The standard developed by AOAC has been published by ASTM International (www.astm.org).

Two groups issue guidelines on consciousness

Aspect Medical Systems (Newton, Massachusetts) said that the Australian and New Zealand College of Anesthetists (ANZCA) and the Madrid Centro Society for Anesthesia (MCSA) have each published recommendations for monitoring level of consciousness during anesthesia. The recommendations were written to guide ANZCA and MCSA members in recognizing the problem of unintended awareness and adopt a consensus on how to reduce the incidence of inadvertent surgical wake-ups. Aspect noted that unintended awareness occurs when patients do not receive enough anesthesia, leaving them at risk for becoming aware of what is happening and remembering this experience after the surgery is over.
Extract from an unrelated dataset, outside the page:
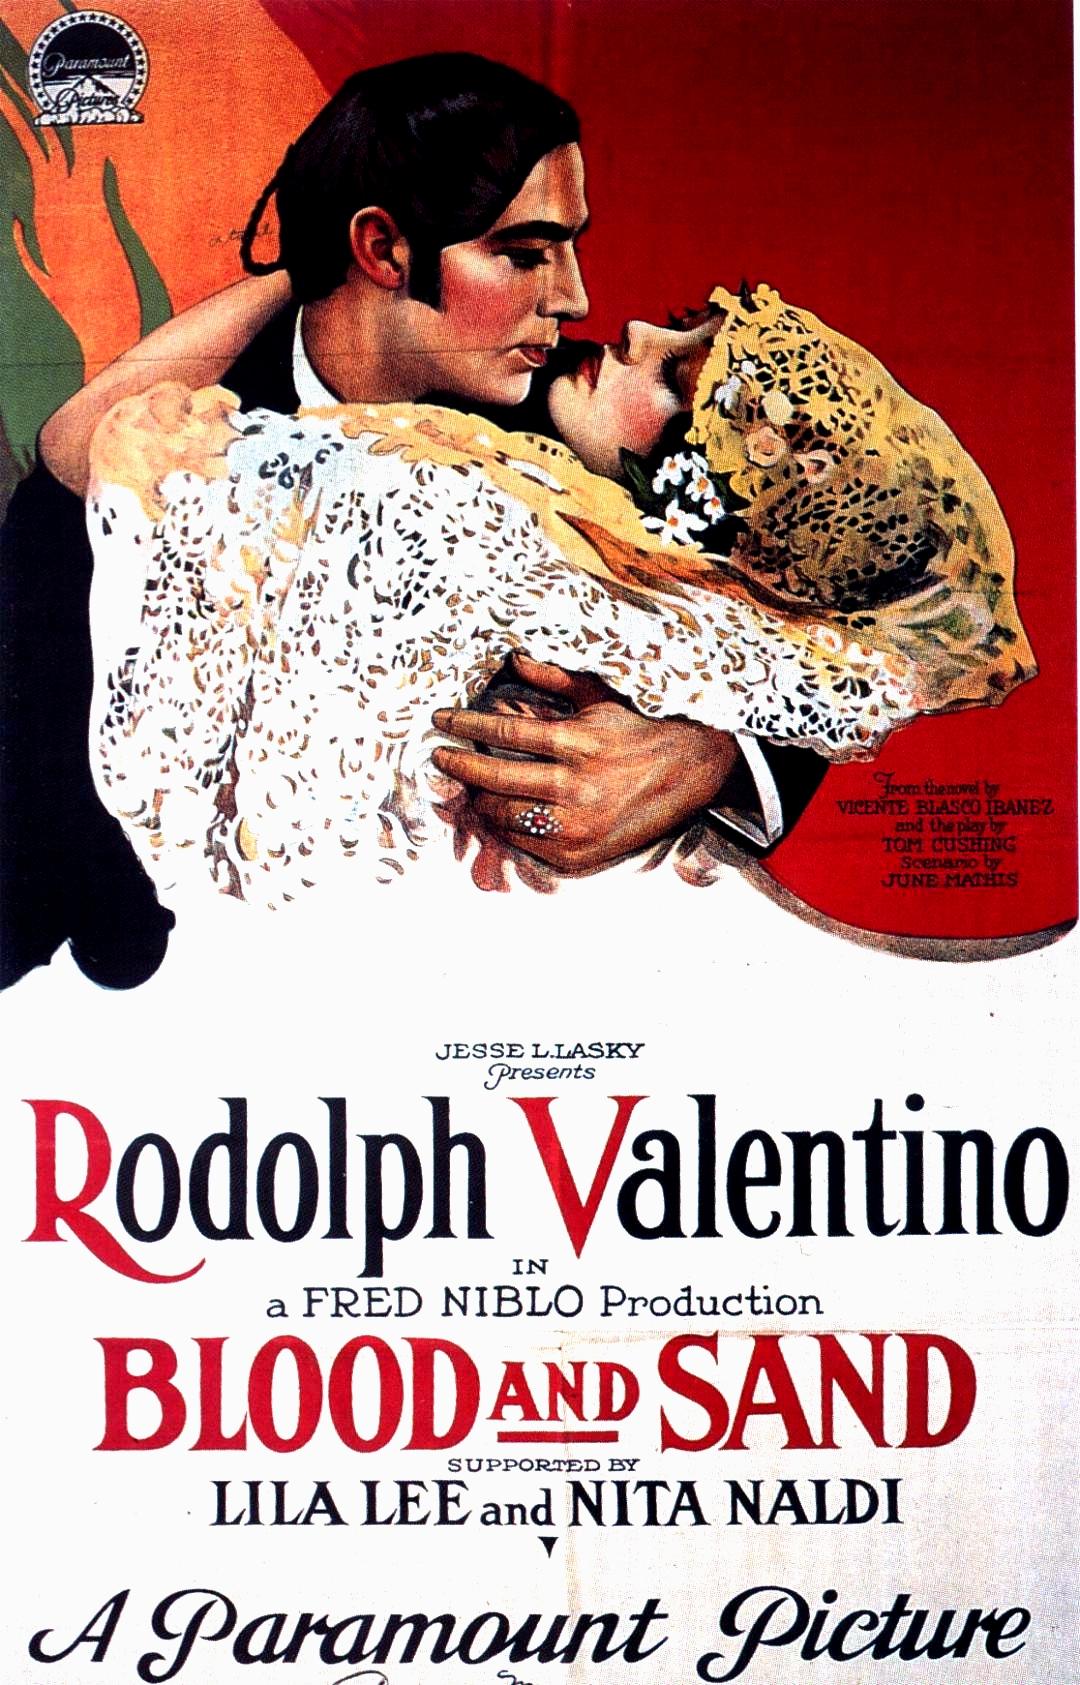 SANGUE E ARENA inaugura la Settima edizione del Gran Festival del Cinema Muto dedicata a Rodolfo Valentino

“The ANZCA and MCSA recommendations are consistent with the clinical guidance provided by other medical societies in the U.S. and Europe and reflect an increasing global recognition of the need to address awareness as a patient safety concern,” said Nassib Chamoun, president/CEO of Aspect. “We believe this is an important step toward improving patient safety and reducing the risk of awareness.”

He said that Aspect’s Bispectral Index (BIS) “is the only brain monitoring technology or clinical intervention that has been shown in large scale, prospective clinical research to reduce the incidence of awareness.” Using a sensor placed on the patient’s forehead, BIS monitoring translates information from the electroencephalogram into a single number that represents each patient’s level of consciousness. This number – the BIS value – ranges from 100 (indicating an awake patient) to zero (indicating the absence of brain activity). Using the BIS value allows clinicians to make better-informed decisions to achieve optimal anesthesia, the company said.

The ANZCA has said that consciousness monitors should be used in all high-risk anesthetics and that equipment to monitor the anesthetic effect on the brain should be available for use on patients at high risk of awareness during general anesthesia. For its part, the MCSA said that it promotes the use of depth-of-consciousness monitors and supports education on how to best use the monitors to reduce the incidence of intraoperative awareness. The society defines preventative measures that apply to the clinician, the equipment, the medical staff, and the patient, identifying a list of high-risk patient characteristics.

To date, Aspect’s BIS technology has been used to assess more than 16.3 million patients.